静止軌道への商業打ち上げレースからの撤退。

身の程を知るいい判断だな(そんなあ!)。

GTO以遠のリストを作っていて、202構成と204構成の差額を見ると、ブースターの単価が見えることに気付いた。

・試験機1号機:202:96億円
・11号機:204:119億円
・17号機:202:98億円
・25号機:202:105億円(ひまわり9号と折半)
・31号機:202:105億円(ひまわり8号と折半)

2本増やしても、ざっくり20億円くらいにしかならない(ホントかあ?)。

34号機から36号機の合計が342億円だから、204が128億円、202が107億円(2機)とすれば、辻褄も合う(そうなのかあ?)。

想定していた金額の半分だな。

H3で、1本10億円なら、GTO90億円で6.5トンか・・・。

やっぱ、勝負にならないな。

民需静止軌道からの撤退は、ほぼ確実だ。

H2Aでは、激安(たぶん)で売ったカナダの衛星だけ。

H3で、1機でも取れたらめっけもんだな。

「打ち上げ予定:
2020年度:
・先進レーダ衛星-試験機1号機

2021年度:
・次期技術試験衛星-試験機2号機
・HTV-X(2021年度以降)

2022年度:
・Xバンド防衛通信衛星3号機(きらめき3号)
・温室効果ガス観測技術衛星3号機(GOSAT3)
・Inmarsat - イギリスのインマルサット社より受注の商業打ち上げ(2022年度以降)
・準天頂衛星システム5号機

2023年度:
・準天頂衛星システム6号機
・準天頂衛星システム7号機

2024年度:
・MMX (火星衛星探査計画、戦略的中型1)
・戦略的中型2

2025年度:
・情報収集衛星光学9号機
・情報収集衛星光学多様化1号機
・情報収集衛星レーダ多様化1号機

2026年度:
・情報収集衛星光学多様化2号機」

「Inmarsat - イギリスのインマルサット社より受注の商業打ち上げ(2022年度以降)」(再掲)

おっと、何かの間違いで、もう取ってたか・・・。

(インマルサット打ち上げ受注:追加)
http://kfujito2.asablo.jp/blog/2017/10/07/8696613

「衛星は仏エアバス ディフェンス アンド スペース社が製造中で、2020年にH-IIAロケットで打上げ予定」

「あんな高いロケットに、顧客が付くというのが信じられない・・・。」

2年前に記事にしたのを忘れていた(いつものことですが)。

H2Aでの打ち上げだったはずだが、いつの間にかH3に代わってたわけだ(別の衛星かも:追加)。

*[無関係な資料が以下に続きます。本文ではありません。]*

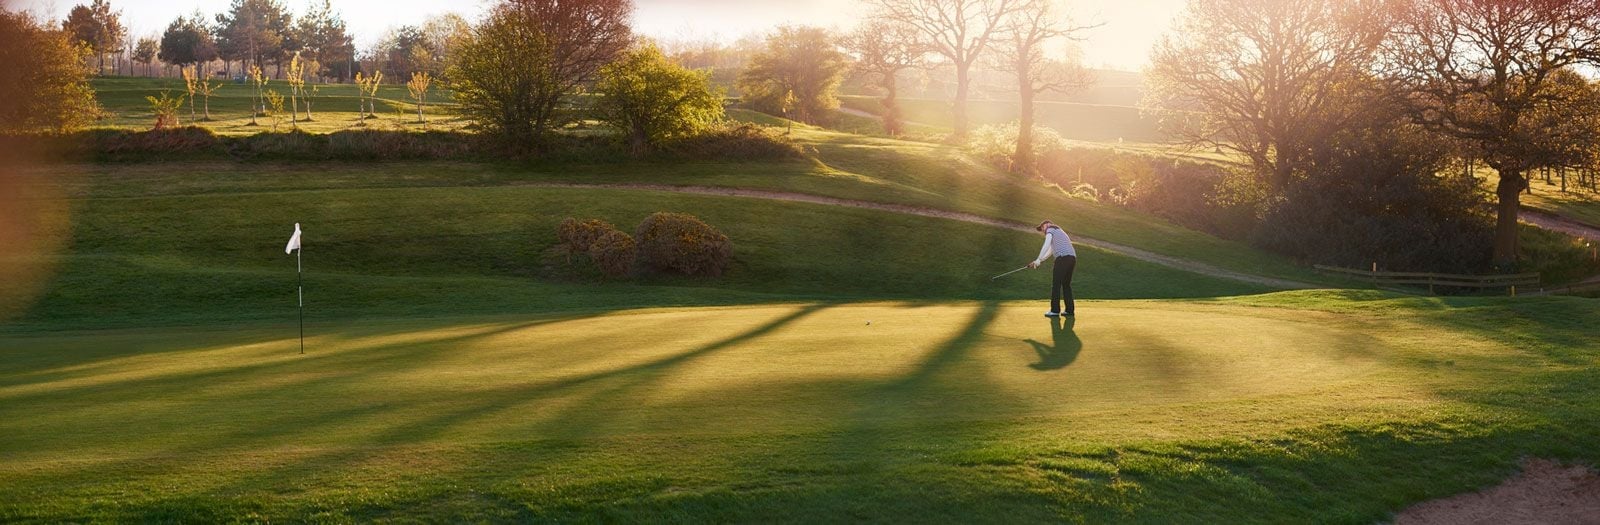 Panoramic shot of golfer playing on a sunlit course
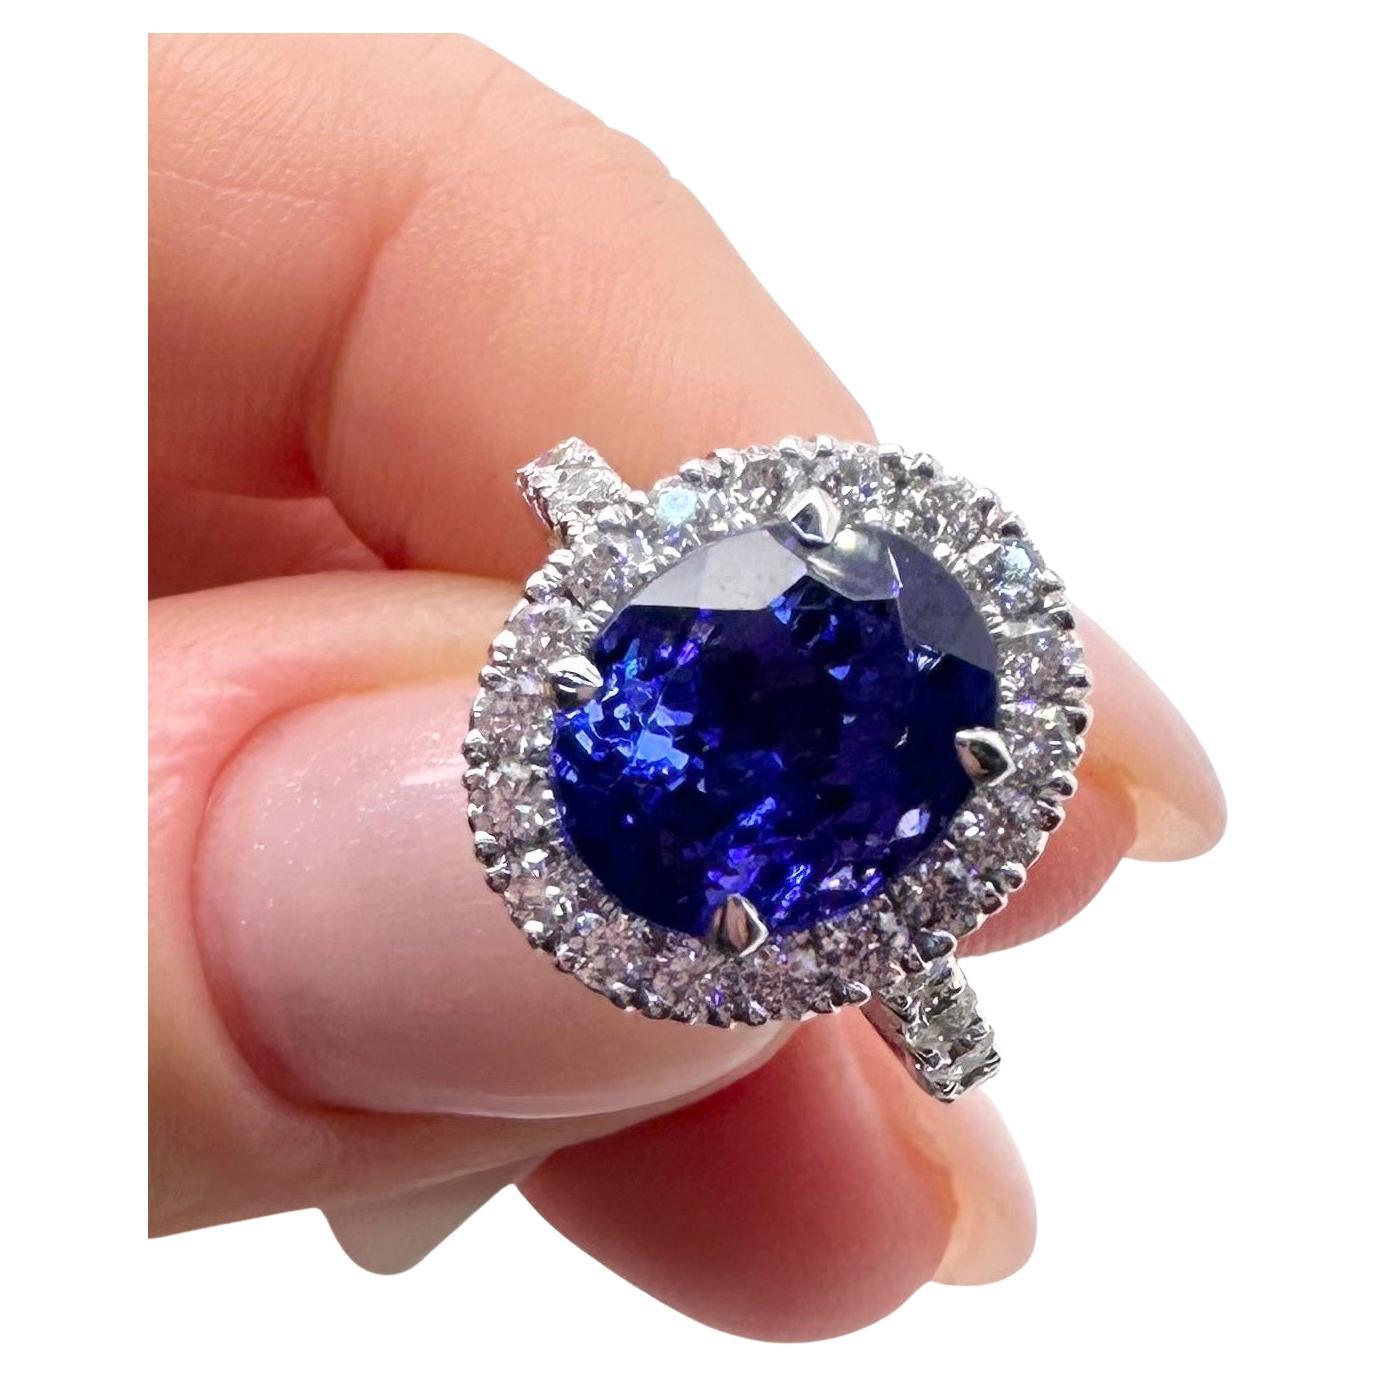 Tanzanite engagement ring in 14KT white gold

「今回の契約は、いわば名刺代わりで、H3での打ち上げこそが、インマルサットの狙うところなのかもしれない。」

「打ち上げ時期の調整、リスク分散と競争性の確保、打ち上げ業界の育成と、環境要因が複合的に働いたと見るのが正しい(たぶん)。」

(インマルサット-6 F1、2(GX 6A、6B))
https://space.skyrocket.de/doc_sdat/inmarsat-6.htm

「インマルサット-6 F1(インマルサットI-6 F1、GX 6A) :2020年:H-2A-204?」

ガンターでは、まだH2Aのままだしな(やっぱ、別の衛星か?)。